Na het zoeterige “What a difference a day makes” van gisteren, zou ik dit stukje kunnen laten beginnen met Elvis Presley’s rockerige “What a Night”: inderdaad, het was een nacht vol rock & roll. Toen we om 19u in Port Stanley vertrokken, met een wind die tekenen van vermoeidheid had gegeven, bleek een “zware deining” het heft in handen te hebben genomen, en tegen de tijd dat het diner verorberd was, moesten we onze zeemansbenen vanonder tafel halen.

Het eerste deel van de nacht was lang en onaangenaam. Het schip rolde van links naar rechts, en terug (uiteraard!), op een quasiregelmatig ritme, af en toe onderbroken door een hobbelsprong naar linksvoor, of naar rechtsachter. Hoewel mijn maag van zulk gedoe al een keer meer “keert” dan van in mijn fauteuil te zitten, had ik er eigenlijk geen last van. Waar ik wel last van had was van het klappen van een deur, kast of schuif. Bij elke bokkensprong – om het kwartier of zo? – schrok ik dus half wakker.

Om het uur werd het me teveel en stond ik op om de lawaaimaker te vinden. Het is niet evident om – in de nacht, alléén – al de deuren in het oog te houden, over de oorzaak van het geklop na te denken en tegelijkertijd te wachten op de volgende, onaangekondigde bokkensprong. De kleerkast, die een magnetisch slot heeft, kon het niet zijn, want die had ik al vroeg vast ge-velcrood. Een schuif van de nachttafel had ik geblokkeerd met een “Welkomboekje van de Kapitein”, en die van de schrijftafel had ik met mijn rubberen schouderrekker vastgesjord. Om half vier was ik al drie keer verdwaasd en nukkig wakker gemaakt, en toen ging het licht branden, in mijn bovenkamer wel te verstaan!

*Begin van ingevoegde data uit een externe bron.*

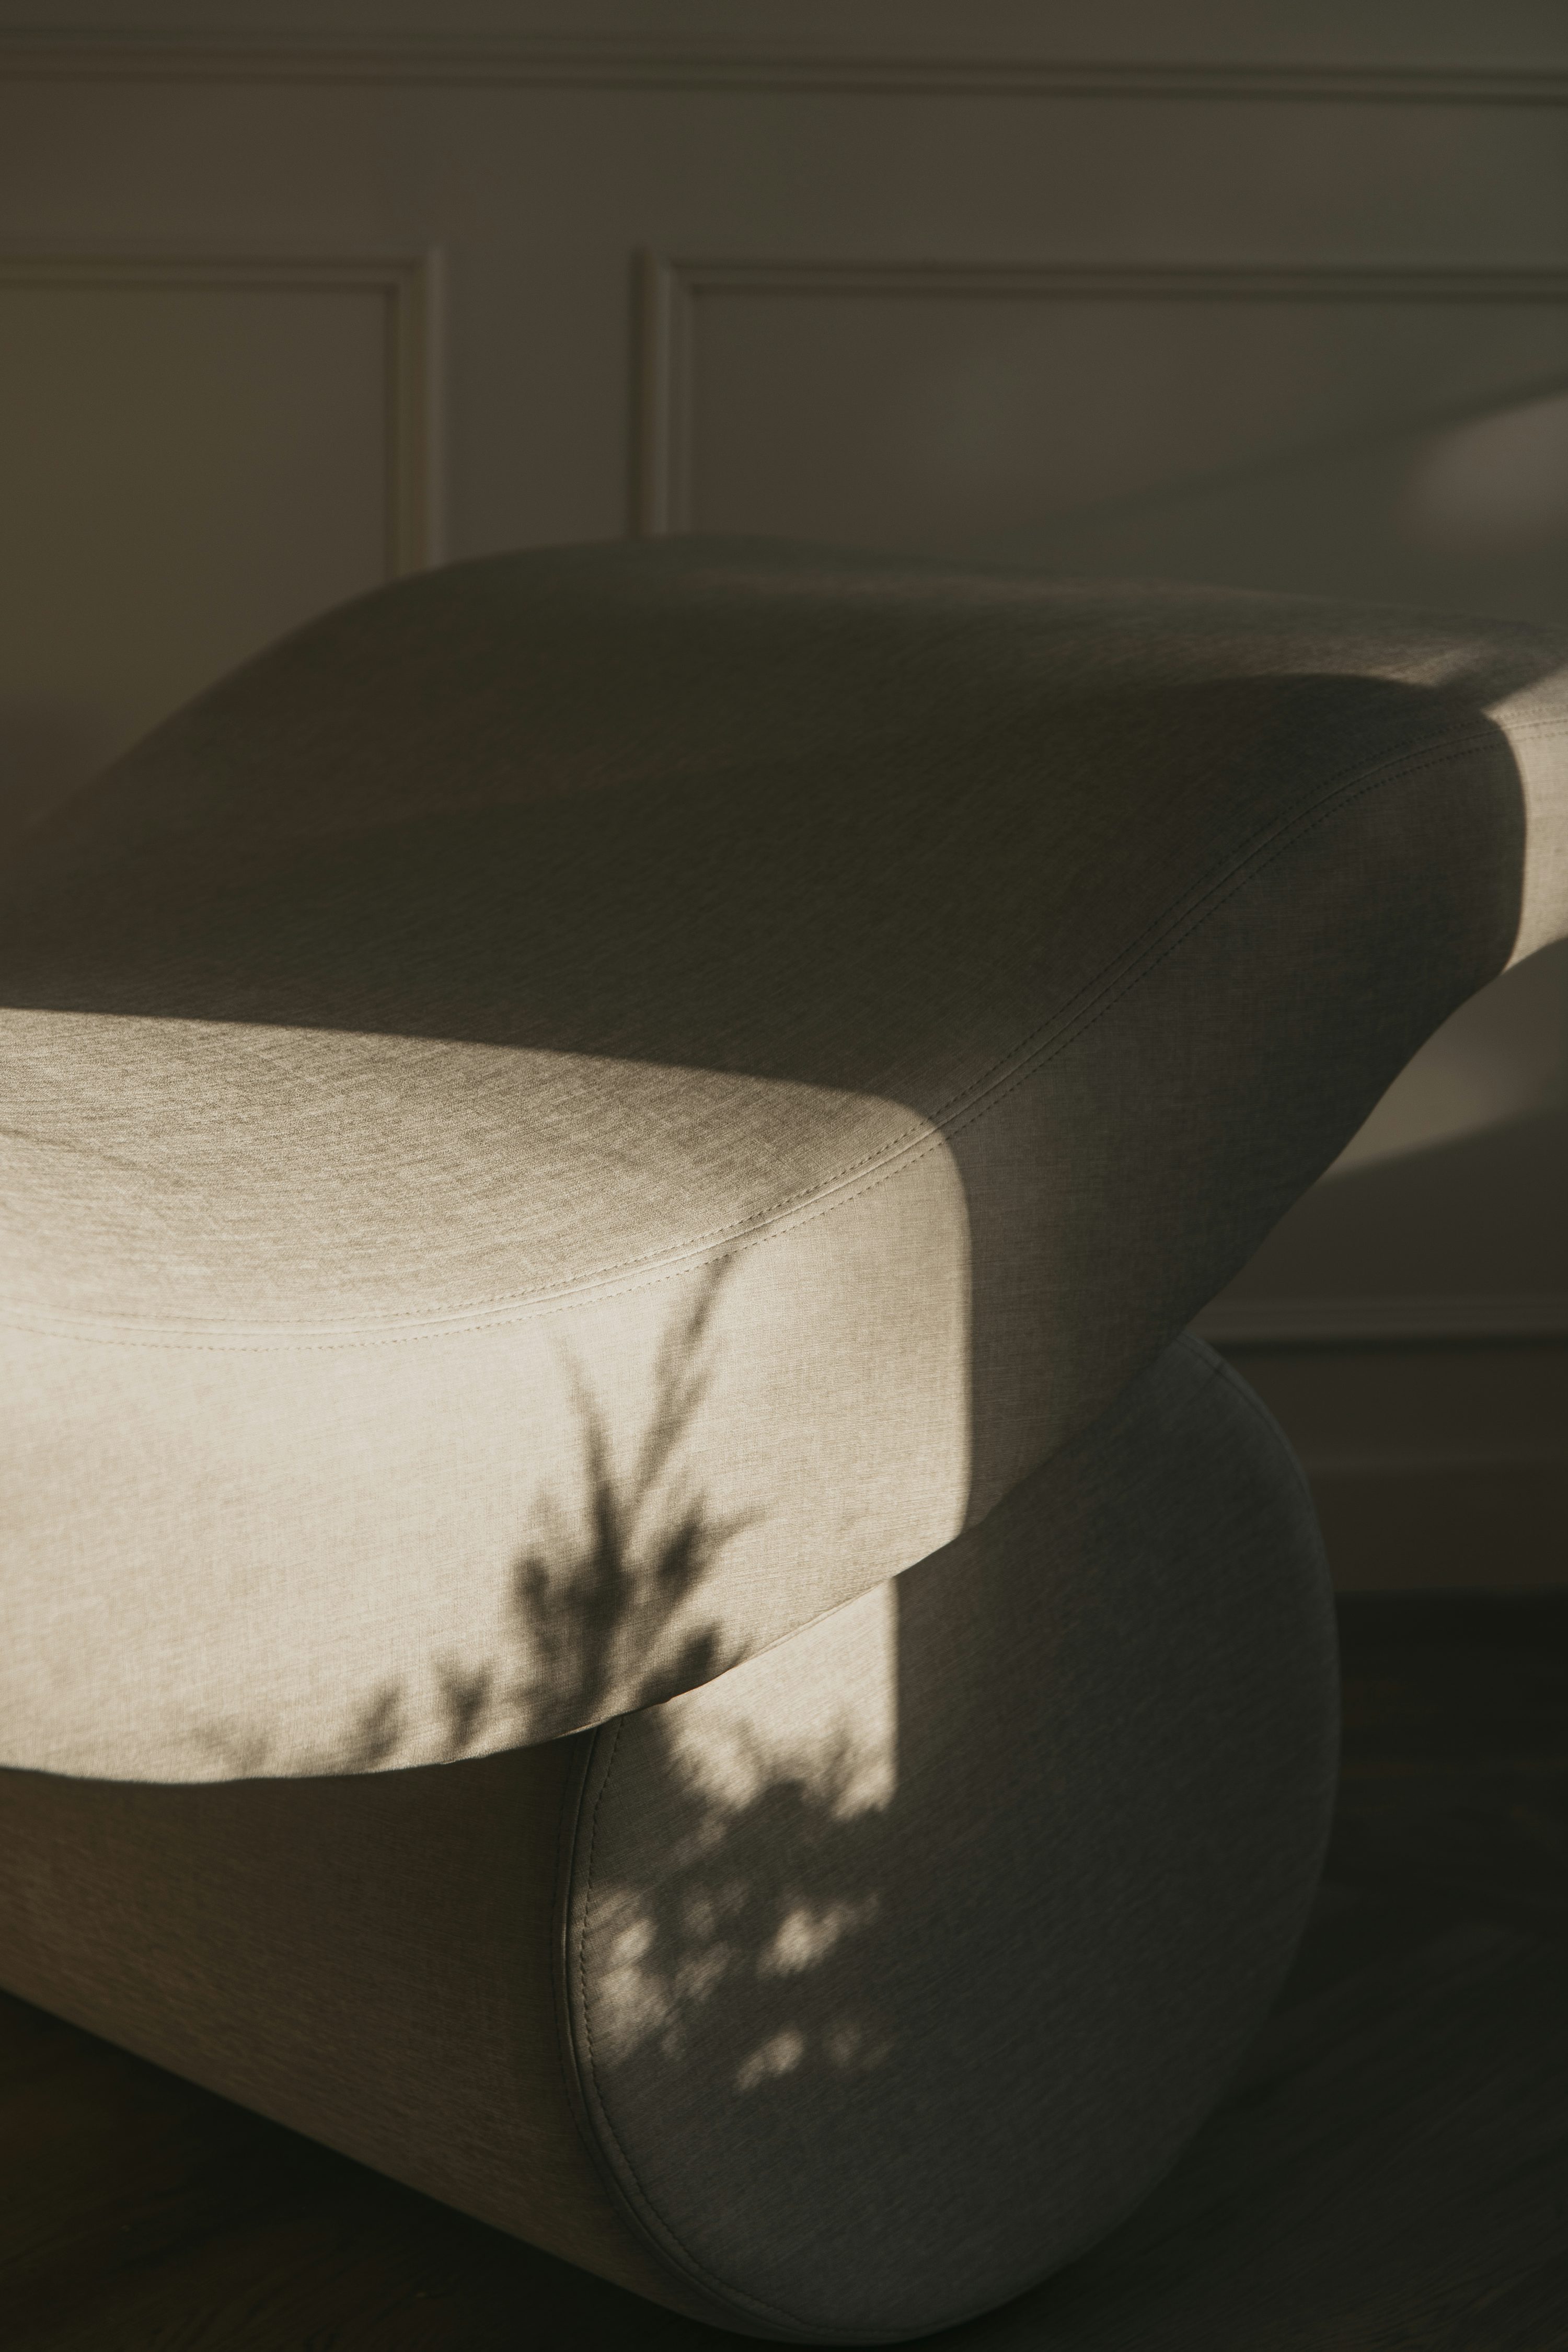 la sombra de una planta en el respaldo de una silla

Ze zeggen dat geld niet gelukkig maakt. Ik kan dat opnieuw ten volle beamen. Opeens wist ik het, het was de brandkastdeur! In mijn slaap had de klank me plots bekend in de oren geklonken: een doffe “bonk, bonk”. Het kastje is zo een typisch hotelgeval met nummerslot. Ze staat in de kleerkast vast gemonteerd, zodat ik ze bij mijn vorige inspectierondes niet had opgemerkt. Mijn onderbewuste had echter goed gehoord, het metalen deurtje had lustig hangen klapperen. Om mij op iets te wreken, en er was toch niks speciaals te doen vandaag, ben ik blijven liggen tot negen uur. Nah!

Het is nu vijf uur in de middag en de dikke, lange en hoge (3meter) golven de ganse dag zijn gebleven. Een dichte advectiemist heeft intussen de horizon ingepalmd, zodat alle oriëntatie letterlijk zoek is. Het geeft het gevoel van constant op een “kakkewalk” of een “montainrus” te zitten. Dat zijn woorden uit mijn prille jeugd die men op de kermis van (respectievelijk) Antwerpen en Brussel kon horen. Vandaag zouden ze het een “roller coaster” of een roetsjbaan noemen. “Kakkewalk” heeft geen fecale connotaties, maar verwijst wellicht naar “cakewalk”, waarbij men zich het zompig en ongecontroleerd stappen op een sponzige en verende ondergrond moet voorstellen. “Montainrus”, daarentegen, heb ik door een Brusselaar eens horen uitleggen als “Montagne Russe”, maar ik geloof dat het meer te maken heeft met “Mountain Rush”. Dat was de naam van één van de eerste “roller coasters” in de USA, allemaal lang geleden.

Meer valt er over vandaag echt niet te zeggen. Ik heb trouwens stellig de indruk dat ik al te veel heb gezegd. Vanavond is er sterrenwacht, onder begeleiding van één van de dekofficieren — als het weer het toelaat! Wie weet? Morgen bij zonsopgang (om 5u) arriveren we bij Elephant Island, berucht wegens de heldendaden van Shackleton bij zijn laatnegentiende-eeuwse ontdekkingsreizen. Vanaf dan kunnen we albatrossen in ons spoor verwachten.

Prinsendam, vrijdag 11 februari 2011

Het wachten duurt lang, en de radiostilte maakt het niet makkelijker

P.S. Foto’s zijn er niet en communicatie ook niet. Uitgesteld is niet verloren!